Irfan Firmansyah, Manajer Marketing PO Tifanha, mengungkapkan bahwa selain pembatalan pesanan, banyak pelanggan yang mengubah rencana perjalanan. Perjalanan study tour ke Jawa Tengah dan Jawa Timur, misalnya, diganti dengan wisata lokal di dalam kota atau provinsi masing-masing. Hal ini memaksa PO Tifanha untuk mengembalikan uang kepada konsumen yang telah melakukan pemesanan. Penurunan signifikan hingga 50% dari total pemesanan study tour menunjukkan betapa bergantungnya perusahaan ini pada segmen pasar tersebut. Meskipun kerugian signifikan sudah dialami, PO Tifanha berupaya bertahan dengan mencari pasar baru di luar segmen sekolah, seperti layanan untuk perkantoran dan wisata religi.

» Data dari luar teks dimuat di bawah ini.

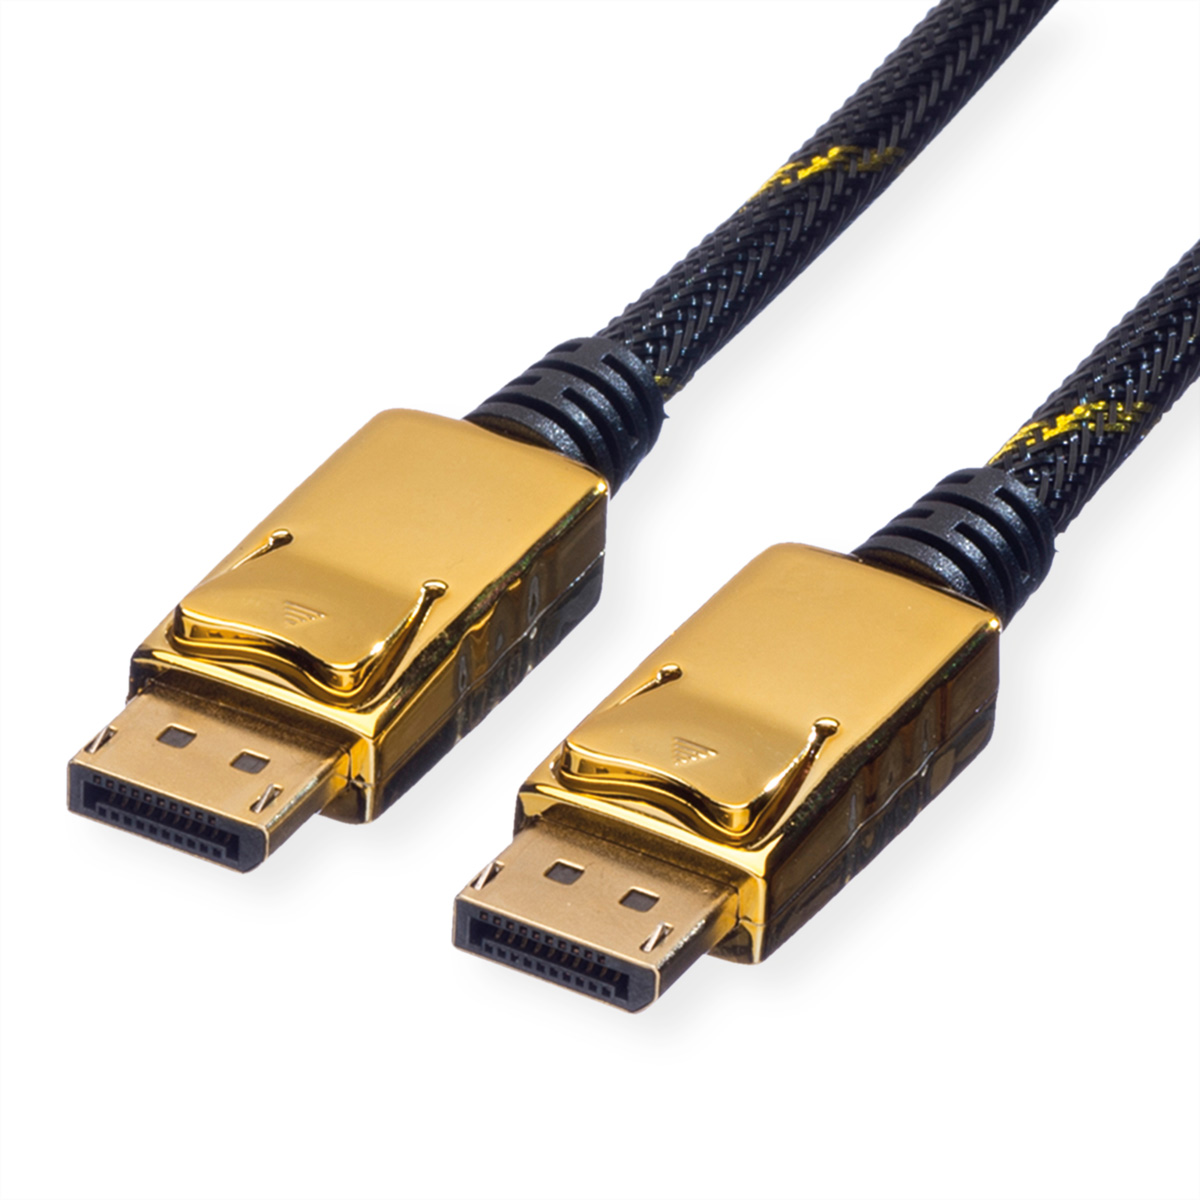 Kabel, ST - GOLD DP DisplayPort ROLINE 1 DisplayPort Kabel, ST, m

Dampaknya pun terasa hingga ke sektor pariwisata. Agus Sukmanjaya, Kepala Dinas Kebudayaan dan Pariwisata Kota Cirebon, menyatakan bahwa pembatalan study tour dari luar Jawa Barat sangat terasa. Lebih lanjut, ia mencatat reaksi berantai dari para pengusaha travel di Jawa Tengah yang menghentikan perjalanan wisata ke Jawa Barat sebagai konsekuensi dari kebijakan tersebut. Kondisi ini pun memaksa Dinas Pariwisata Kota Cirebon dan pihak terkait untuk mencari solusi kreatif dan inovatif.
Salah satu upaya yang diusulkan adalah kolaborasi antar daerah di wilayah Cirebon Raya (Cirebon, Kuningan, Majalengka, dan Indramayu) untuk menciptakan paket wisata yang menarik. Kerja sama ini melibatkan pemerintah daerah, dinas terkait, pengusaha travel, dan pelaku usaha pariwisata untuk menggali potensi masing-masing daerah dan menggabungkannya menjadi paket wisata yang komprehensif. Paket wisata ini kemudian akan ditawarkan ke daerah lain seperti Bekasi dan Depok. Langkah ini bertujuan untuk mengimbangi hilangnya pemasukan dari sektor study tour.
Selain itu, Agus Sukmanjaya juga menekankan pentingnya peningkatan kompetensi dan standarisasi para pelaku usaha travel, khususnya mengenai keselamatan dan sertifikasi. Kejadian kecelakaan di masa lalu yang disebabkan oleh kurangnya sertifikasi perusahaan bus dan asosiasi yang tidak terdaftar menjadi catatan penting yang harus dibenahi. Momentum ini, menurutnya, harus dimanfaatkan untuk melakukan introspeksi dan penggalian potensi yang lebih besar.
Kesimpulannya, kebijakan pelarangan study tour di Jawa Barat telah menciptakan efek domino yang signifikan terhadap sektor pariwisata dan transportasi di Jawa Barat dan sekitarnya. Meskipun menimbulkan kerugian, kondisi ini juga menjadi momentum untuk melakukan inovasi dan kolaborasi, serta meningkatkan kualitas dan keamanan layanan pariwisata.